今日も今日とて東京は雨、というかゲリラ豪雨ですね。昨日に引き続き、晴れたかと思うと俄かに掻き曇り、視界が白くなるほどの豪雨がやってくるのの繰り返し。特に用がなければ外出はしたくないお天気です。なにしろ雨の降り方の激しいことと言ったら、地面からの跳ね返りで膝まで濡れるくらいでして。そして残念ながらお盆休みは今日が最終日。結局今年も、雨に祟られて終わってしまうのですね。

とはいえ、今年のお盆は多少なり成果のあるお休みになりました。台風9、10号による悪天候で家に閉じ込められた結果、整理整頓やら掃除やらが捗ること。始終働いているので「休み」の定義に疑問を感じることを除けば、なかなか有意義な時間を過ごせました。なによりはっきり成果と主張できるのは、ベースの修理が完了したことでしょうか。というわけで、今回はそのお話を。

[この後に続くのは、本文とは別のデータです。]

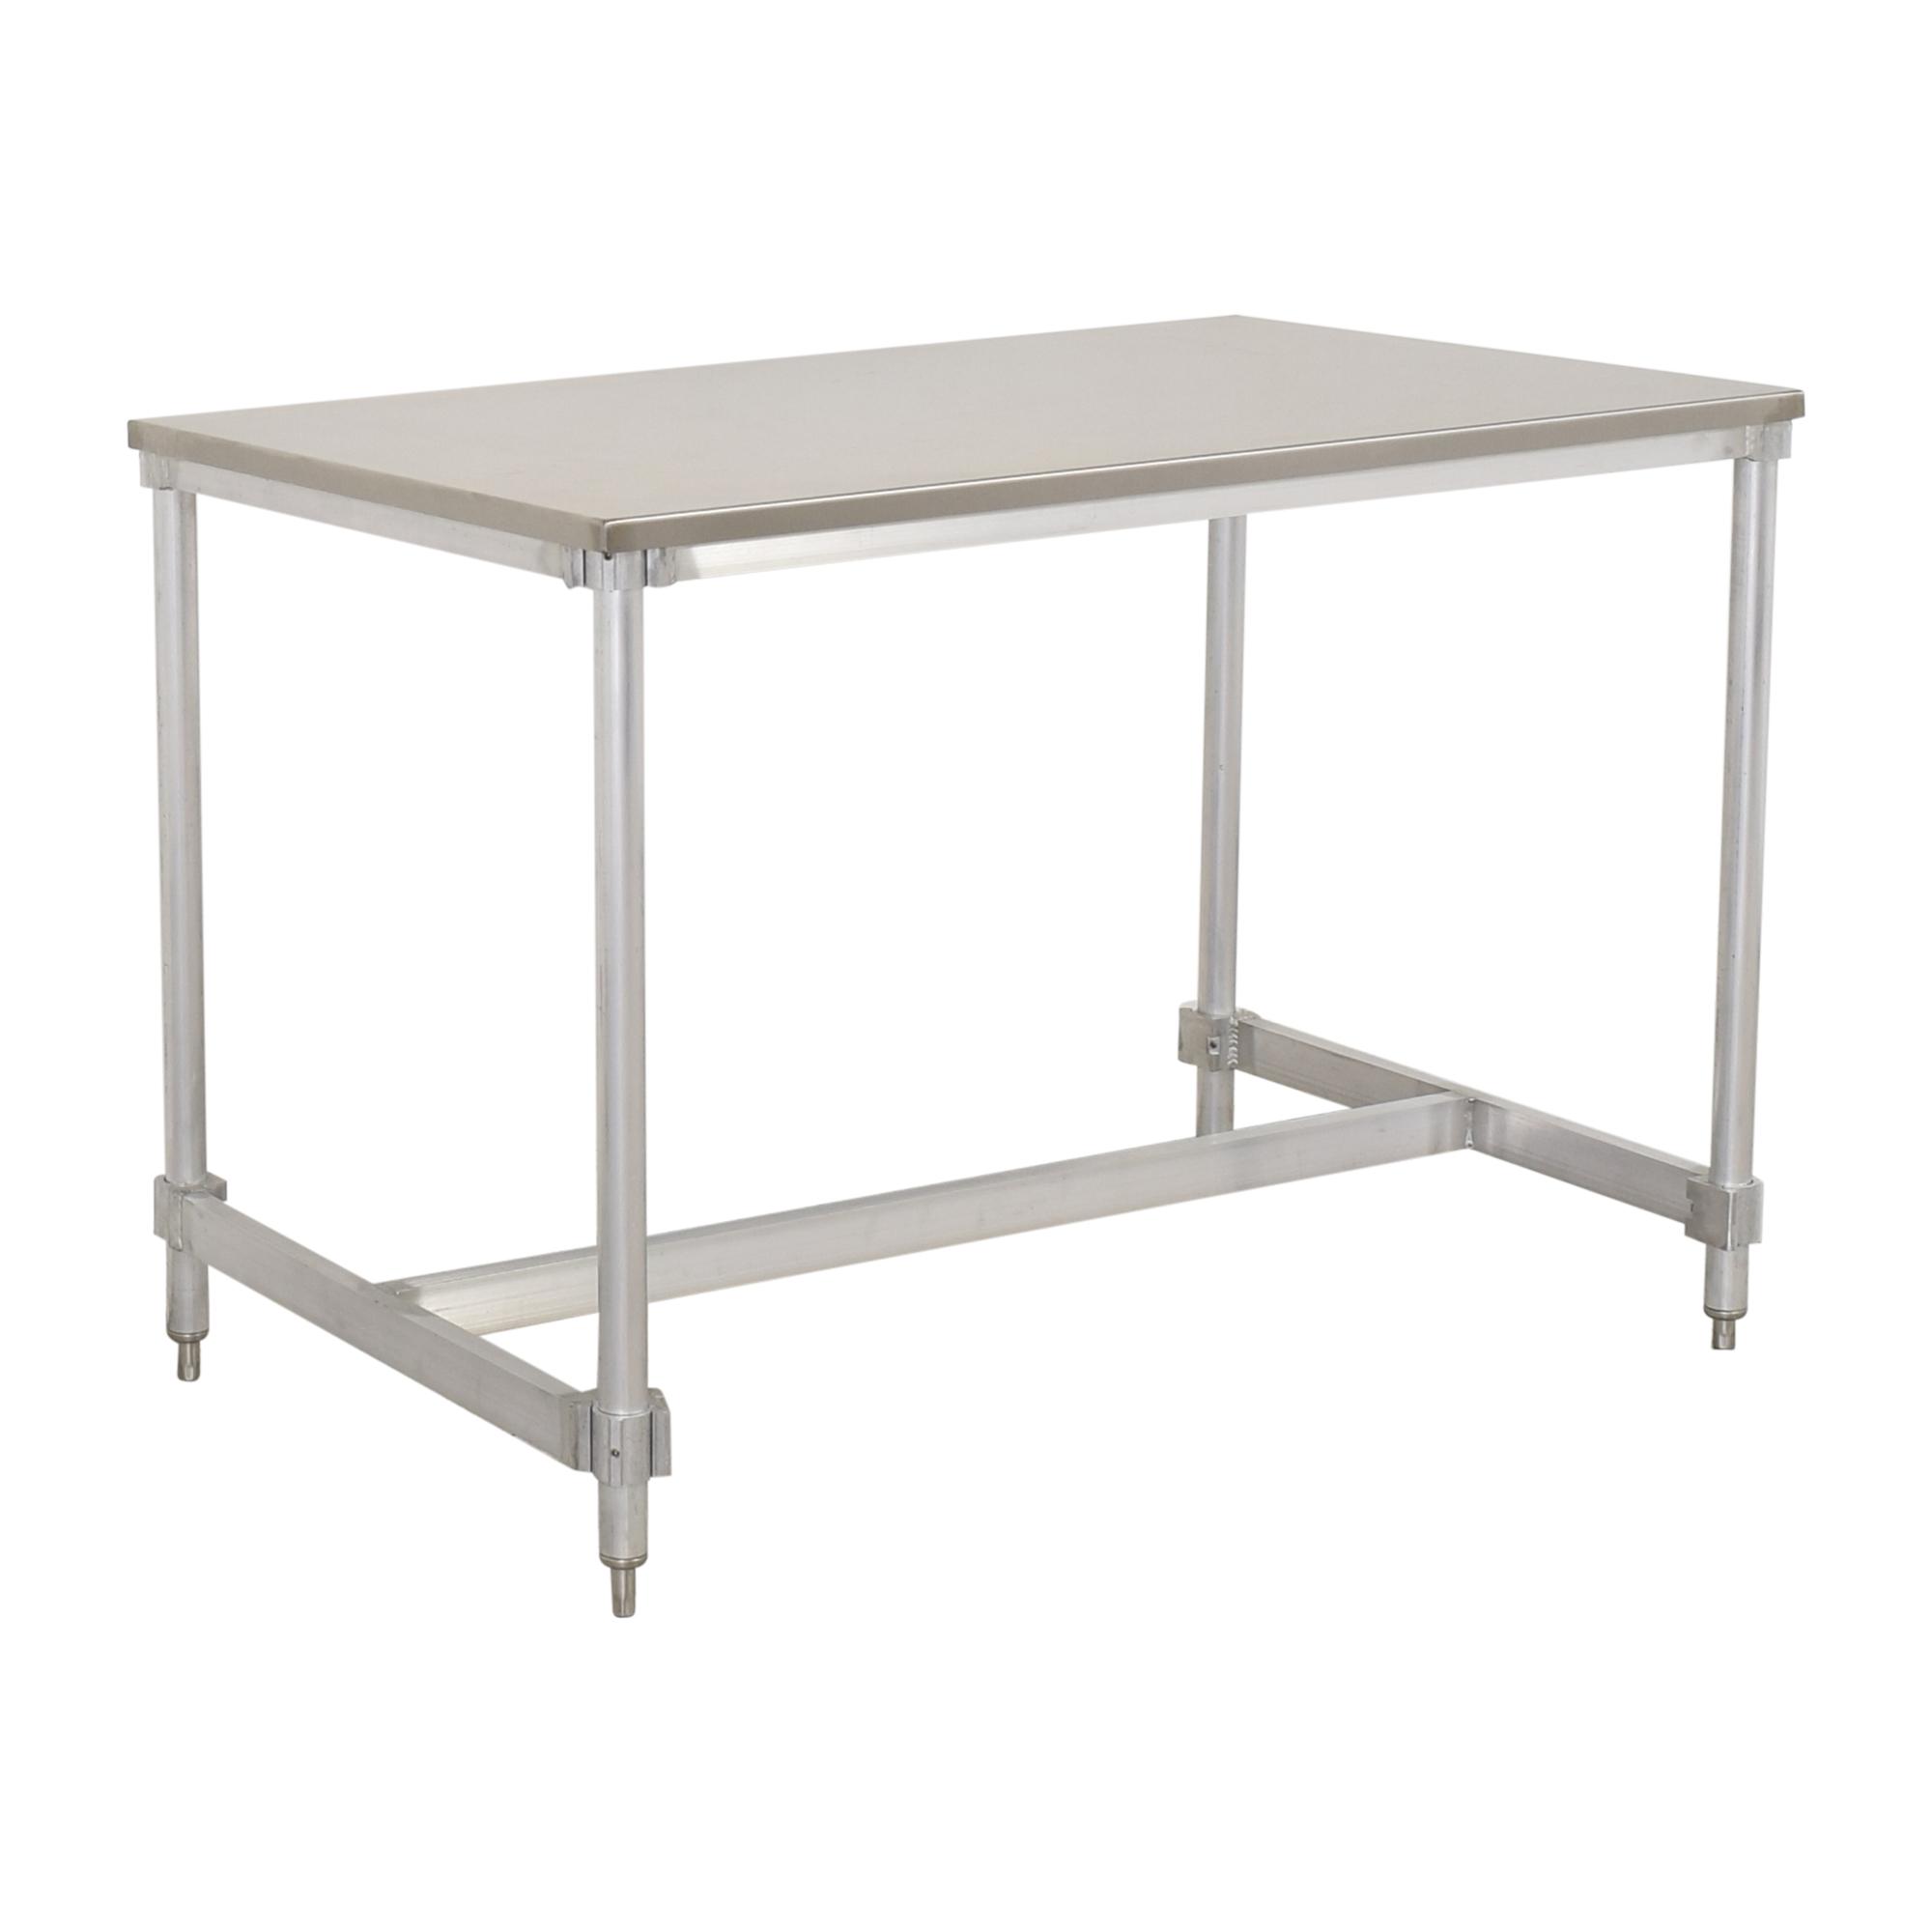 buy Prairie View Industries I-Frame Table Prairie View Industries Tables

残っていた作業はペグの取り付けと、各種調整のみ。ペグの取り付けについては、防錆油に漬け込んでいた(笑)ペグをメモの通りの順番で戻していくだけですので、特にこれといって問題もなく完了。ついで、調整用に買っていたサウンドハウスさんの安い弦(PLAYTECH)を張りました。

2019-08-15
2019-08-15 posted by (C)circias

プレテクの弦は値段なりの音ではありますけれど、長期保存や整備調整、普段の基礎練習程度の用途であれば充分に使えます。なにしろ普通の弦が¥1500くらいするのに対して¥520ですからね。とても助かってます。なお、ゲージは45-105を使用してみました。で、ここで嬉しい誤算が。なんと、弦を張ってもネックがほとんどたわみません。

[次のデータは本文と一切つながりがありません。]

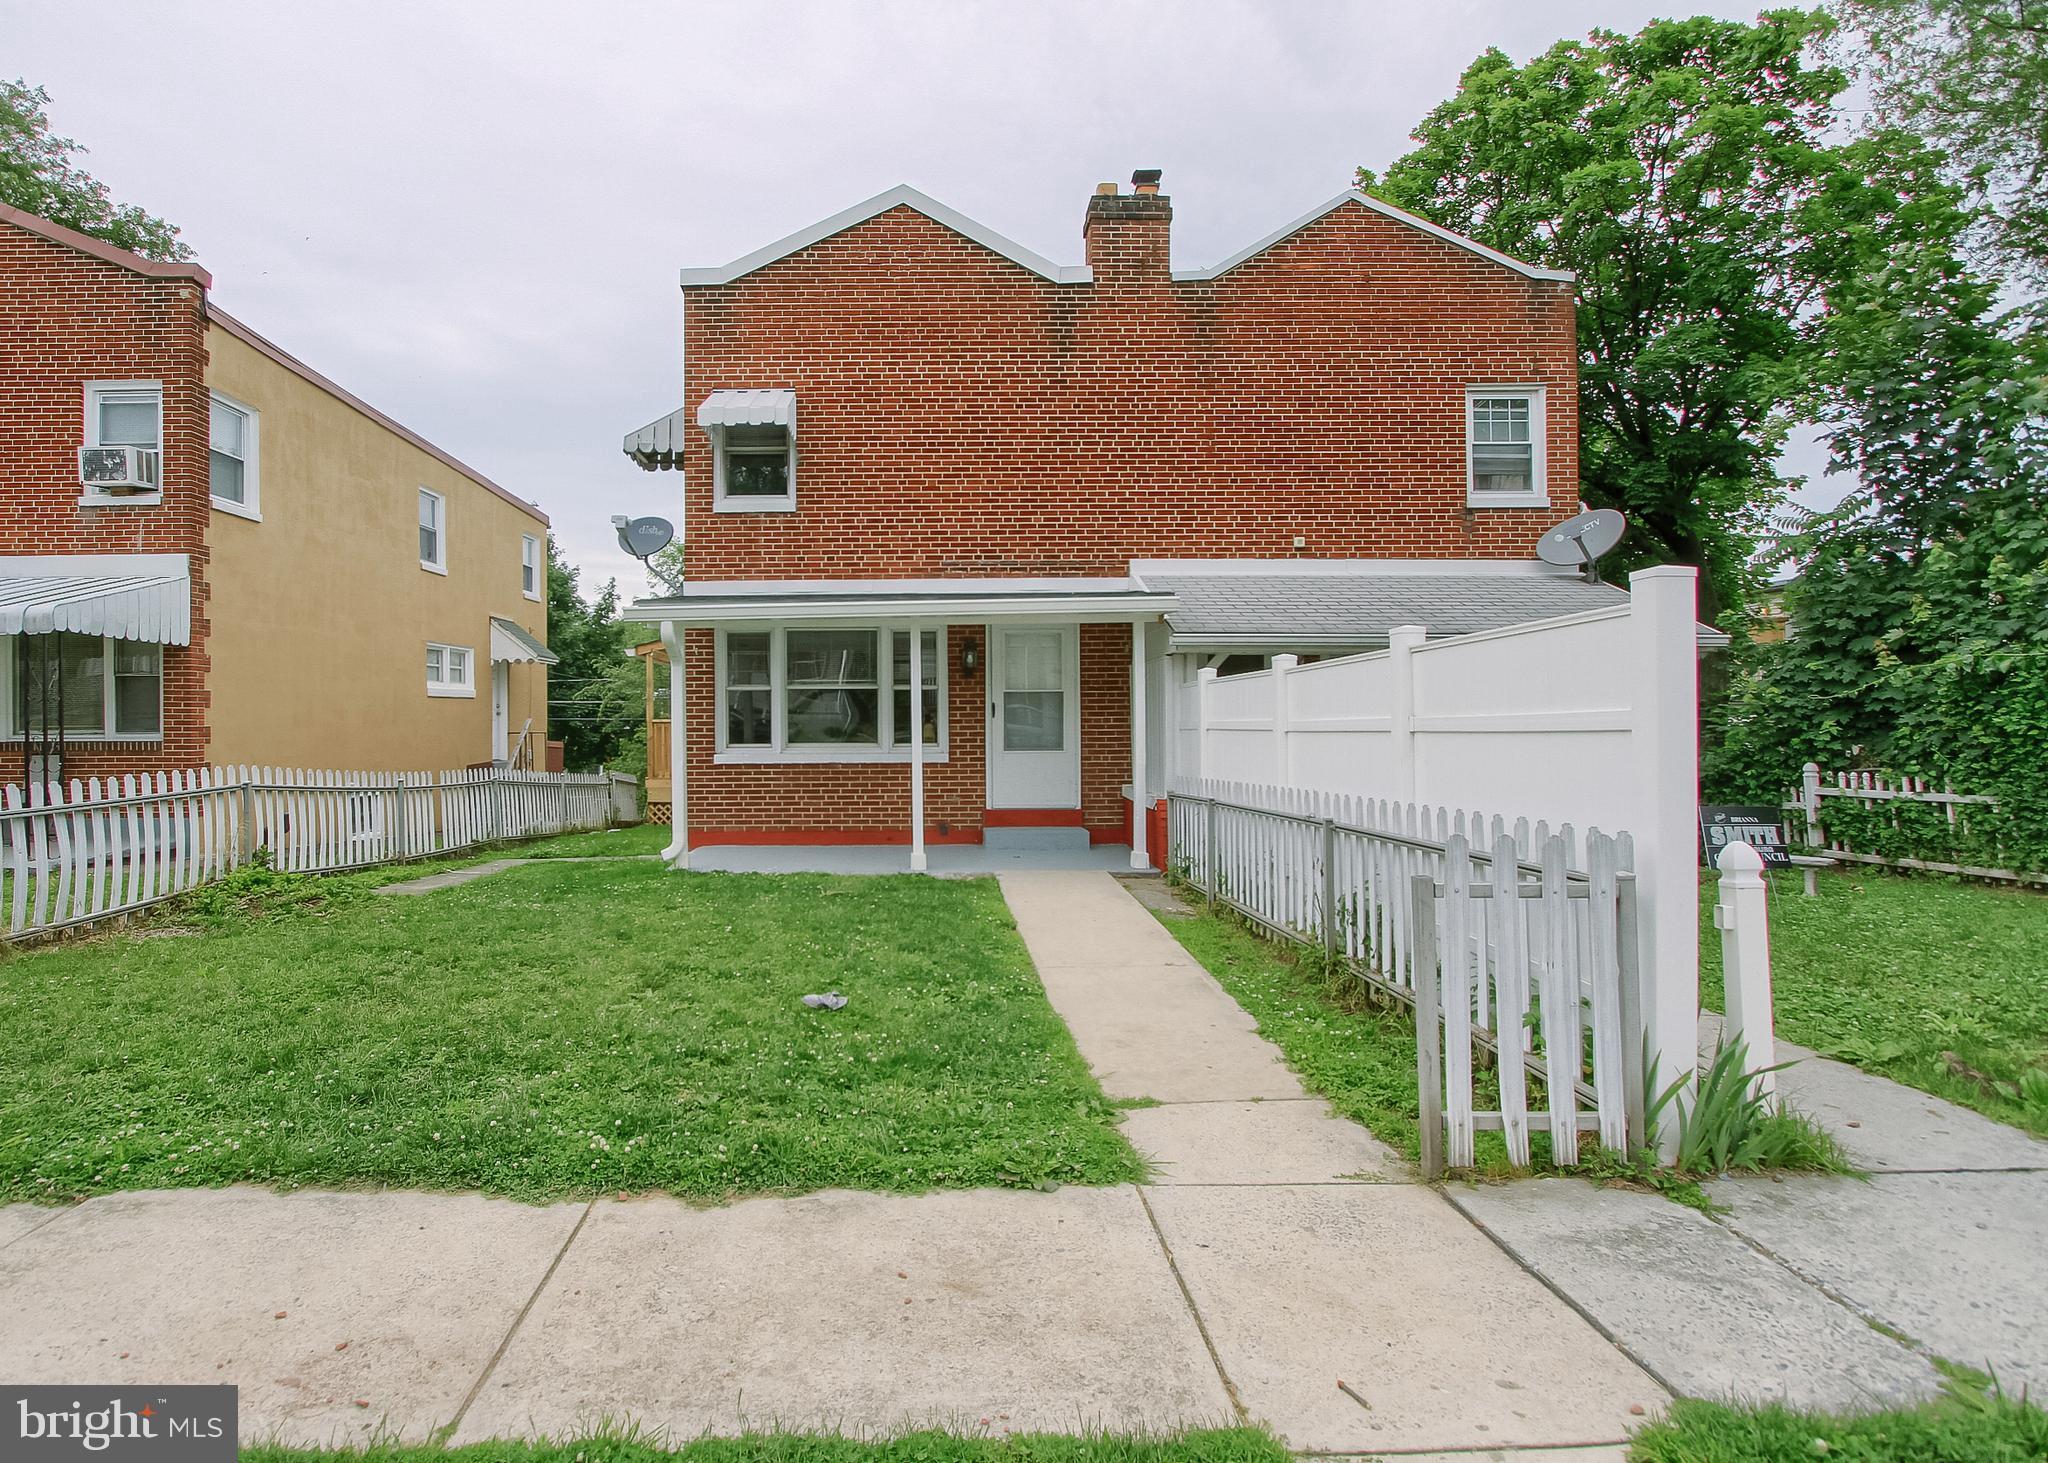 1836 BRIGGS STREET, HARRISBURG, PA 17103

なんか凄いですねこのネック。ぶっとくてゴツいのは伊達ではないということでしょうか。こういうの、好きですねぇ。質実剛健、いいじゃないですか。トラスロッド頼りのペラペラネックは好きじゃないので、頑丈なのは嬉しい限りです。それにしても、いちいち私の好みに刺さるのは、プレベだからなのか、この楽器だからなのか。

ネック調整を省略できたので、お次はサドル調整です。サドル調整というと弦高調整のことと勘違いしている人もいるようですが、それではなく。サドルの高さを指板のRに合わせて調整する作業のことです。レスポール系やフロイドローズ系のブリッジでは不要というかできないので、知ってる人が少ないのかもしれません。

サドル調整には、Rゲージという工具を使用します。次の写真の工具がそれ。ギターやベースの代表的な指板のRがテンプレートで揃っていますので、FENDERやGIBSONおよびそのコピー系の楽器であれば、だいたいこれで対応できるはずです。

2019-08-15
2019-08-15 posted by (C)circias

どうしてこんなマニアックな工具があるのかと言いますと、一頃サドルやナットの自作にはまっていたことがありまして・・・まぁ普通は持ってませんよね、こんな工具。でもその場合、以下の手順で専用のRゲージを自作できます。

1)指板のブリッジ側の端と同じ幅の厚紙を3枚以上用意
2)厚紙を木工ボンドではり合わせる
3)ボンドが生のうちに、厚紙を指板のブリッジ端に乗せる
4)幅広のリボン等で厚紙を指板にきつく押し当てて縛る
5)ボンドが乾くまで放置

既製品のRゲージを使う場合は、だいたい見当をつけて見繕ったゲージを指板に当てて、どのRを使うべきなのかを確認しなければなりません。次の写真のようにぴったりとハマればOK。どうやらこのベースは300Rのようですね。

2019-08-15
2019-08-15 posted by (C)circias

Rを確認したらまず4弦の弦高を調整し、そこを基準にサドルを下げていきます。サドルの高さ調整が終わったら、今度はオクターブ調整。音を低くするにはサドルをブリッジ側に、高くするにはネック側に。一通りの調整が終わると、ブリッジの状態は次の写真のようになりました。

2019-08-15
2019-08-15 posted by (C)circias

パーツに残っている傷跡とは全然違う位置と高さになりましたね。弦によってオクターブ調整の結果は異なるのですが、こうまでも変わることはないでしょう。要するに、前オーナーはサドル調整はもちろんオクターブ調整すらせずに、適当に使っていたということになります。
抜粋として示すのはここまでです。